Due to some travels (and preparations leading up to same), it won’t be until later in August that regular posts occur again on this blog. In the meantime, I thought I’d send a very brief snapshot of Williamsburg, Brooklyn, where I’m staying the first part of my trip and where I lived way back in 1995. The brick commercial loft building above is where I lived–a 3500 SF loft on the second floor (facing North 10th Street which is the facade you see here). It was an illegal sublet, rented to us by an artist who’d used the place as a studio. At the time Williamsburg was full of artists living in cheaply converted space, with rents extremely affordable compared to fancier parts of Brooklyn, not to mention Manhattan. I was one of a first wave of “invaders”–donning a tie and taking the train back into the city during the week to work a professional job–and I was fascinated by the mix of artists, elderly Polish-Americans, and those like me who found the run-down, somewhat bleak nature of Williamsburg a refreshing break from increasingly gentrified Manhattan.
Today, although my building still appears as untouched and run-down as ever, the surrounding neighborhood has transformed. Below is directly across Berry Street from my old place, where there used to be a vacant lot and a storage warehouse with amazing graffiti:

The new Berry Street

These luxury loft condos are but one example of new construction that has popped up everywhere, along with vacant storefronts and repair shops converted to ultra-hip lounges and restaurants. The lonely, sparse sidewalks were literally choked this evening with hipsters, wanna-bes, and kids from Manhattan in for a Saturday night fling. The quiet sense of possibility I knew back then has been replaced with American Apparel and all sorts of consumption.
There is even a huge new complex at the river, which used to be lined by empty warehouses and weedy yards. Now 35-story condo towers are preparing to open, with new pedestrian piers, tens of thousands of square feet of available retail and restaurant space, and parking garages. An immense old warehouse designed by the architect Cass Gilbert (who is perhaps best known for the Woolworth Building in downtown Manhattan, in 1913 the tallest building in the world) in the rarely employed neo-Egyptian style has been totally renovated and is currently renting out with amenities (and prices) not before seen this side of the East River.

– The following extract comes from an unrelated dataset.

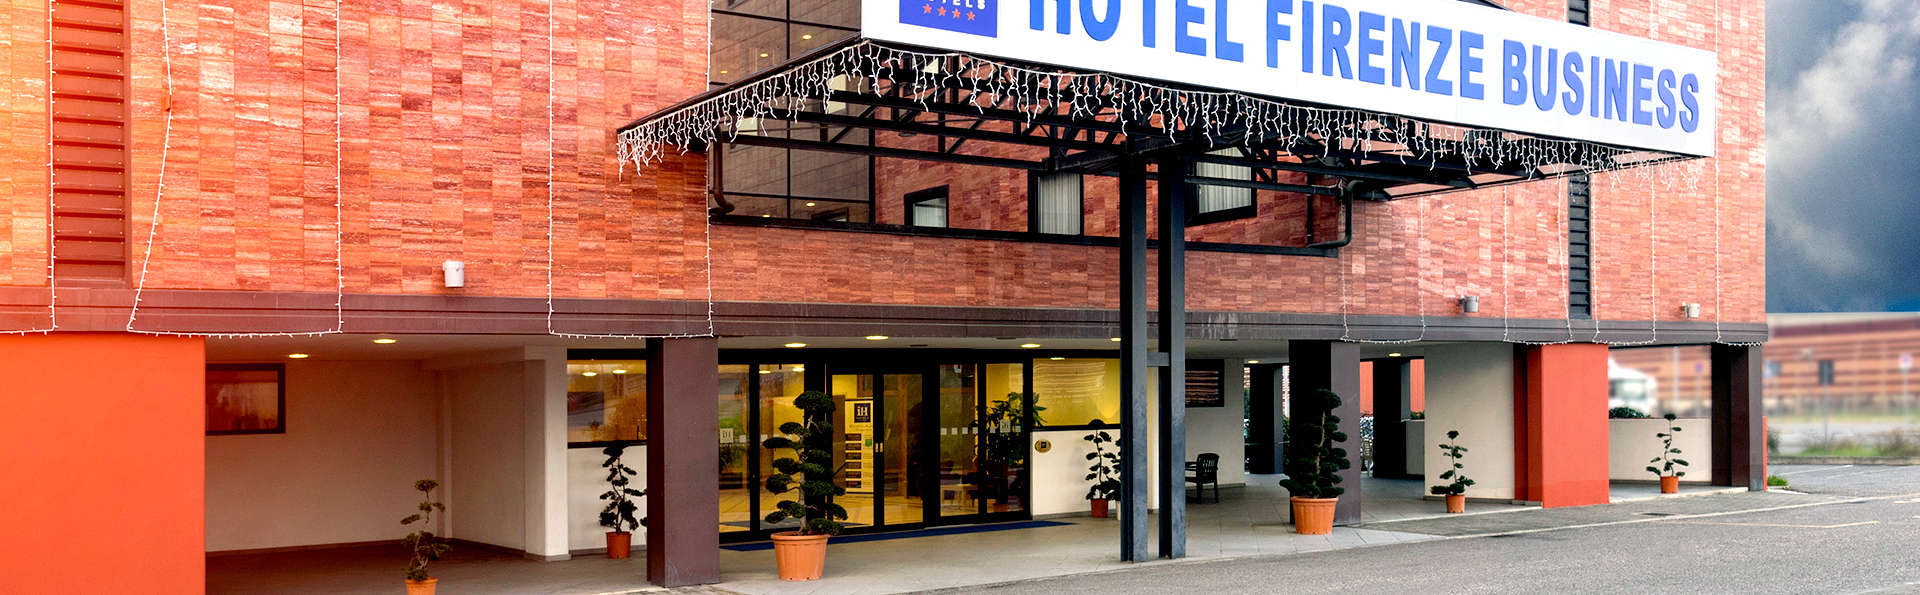 IH Hotels Firenze Business - Edit_Front.jpg

From Egyptian warehouse to luxury lofts

The amount of gentrification in the old neighborhood just boggles the mind. It shows how quickly an urban place can transform, within the context of vast numbers of people and dollars that is New York. Does it all feel right? No; I miss the grittiness of the old place. A lot of the new architecture is banal. Most of the artists have departed for cheaper digs further out in Brooklyn or Queens.

But hey, if you just have to have that perfect pomegranate mojito, you no longer have to take the train into Manhattan to get it.

Birmingham, I won’t be around to attend Design Review this coming week, comment on the latest (non-drive-through!) plans for Chick-Fil-A, etc. But we’ll be back and ready to examine lots of new topics in just a couple short weeks. Stay cool.